Saras Analytics - Principal Data Engineer (7-10 yrs)
Job Description :
Principal Data Engineer
About Saras Analytics :
Saras Analytics is a fast-growing data management and predictive analytics company based out of Hyderabad, India. We are a group of engineers and analysts focused on improving business performance through data analysis. We are laser focused on providing the best ROI for our clients and leave no stone unturned in our quest to provide the best results for our customers. We are an employee-centric organization and are looking for individuals who share our passion to make a difference and to be an integral part of our growth.
As a Principal Data Engineer at Saras Analytics, you will be responsible for building and maintaining large-scale data pipelines as well as create and data pipelines that deal with large volumes of data.
Architect : 80%
- Formulates and recommends standards for achieving maximum performance and efficiency of the DW ecosystem.
- Participates in the planning for retirement of systems programs, and migration of systems infrastructure.
- Develop business cases and ROI for the department to get buy-in from senior management.
- Interview stakeholders and develop BI roadmap for success given project prioritization and budget.

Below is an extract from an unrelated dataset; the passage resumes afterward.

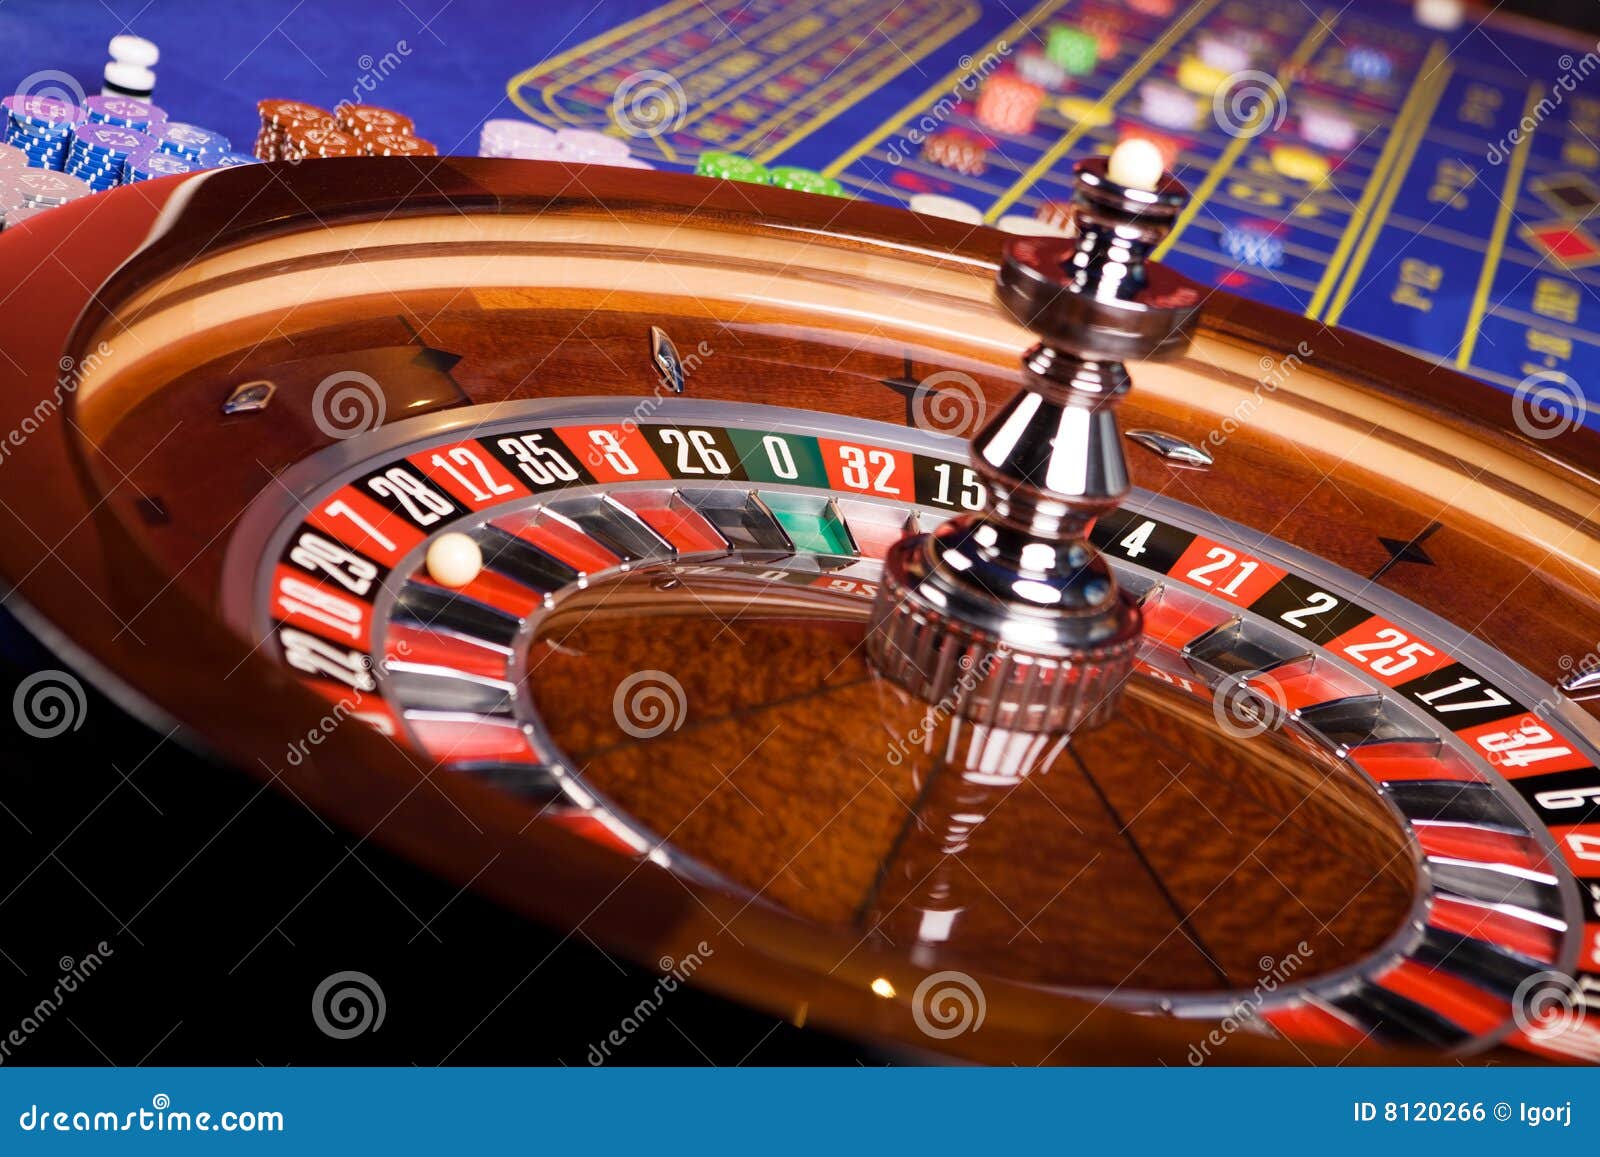 roulette and roulette table in casino

- Evangelize self-service BI and visual discovery while helping to change Excel based culture.
- Work closely with DW manager to ensure prioritization of corporate and departmental objectives and projects.
- Champion data quality, integrity, and reliability throughout the department by designing and promoting best practices.
- Experience in database programming using multiple aspects of SQL and Python
- Understand and translate data, analytical requirements, and functional needs into technical requirements
- Build, maintain and deploy scalable data pipelines to support large scale data management projects
- Ensure alignment with data strategy and standards of data processing
- Experience in Big Data ecosystem - on-prem (Hortonworks/MapR) or Cloud (Dataproc/EMR/HDInsight)
- Experience in Hadoop, Pig, SQL, Hive, Sqoop and SparkSQL
- Experience in any orchestration/workflow tool such as Airflow/Oozie for scheduling pipelines
- Exposure to latest cloud ETL tools such as Glue/ADF/Dataflow
- Understand and execute in memory distributed computing frameworks like Spark (and/or DataBricks) and its parameter tuning, writing optimized queries in Spark
- Hands-on experience in using Spark Streaming, Kafka and Hbase
- BE/BS/MTech/MS in computer science or equivalent work experience.
Team Mentoring: 20%
- Provide assistance to DW team members with issues needing technical expertise or complex systems and/or programming knowledge. Provide on-the-job training for new or less experienced team members.
- Provide technical training to external team members to foster stronger cross-departmental relations.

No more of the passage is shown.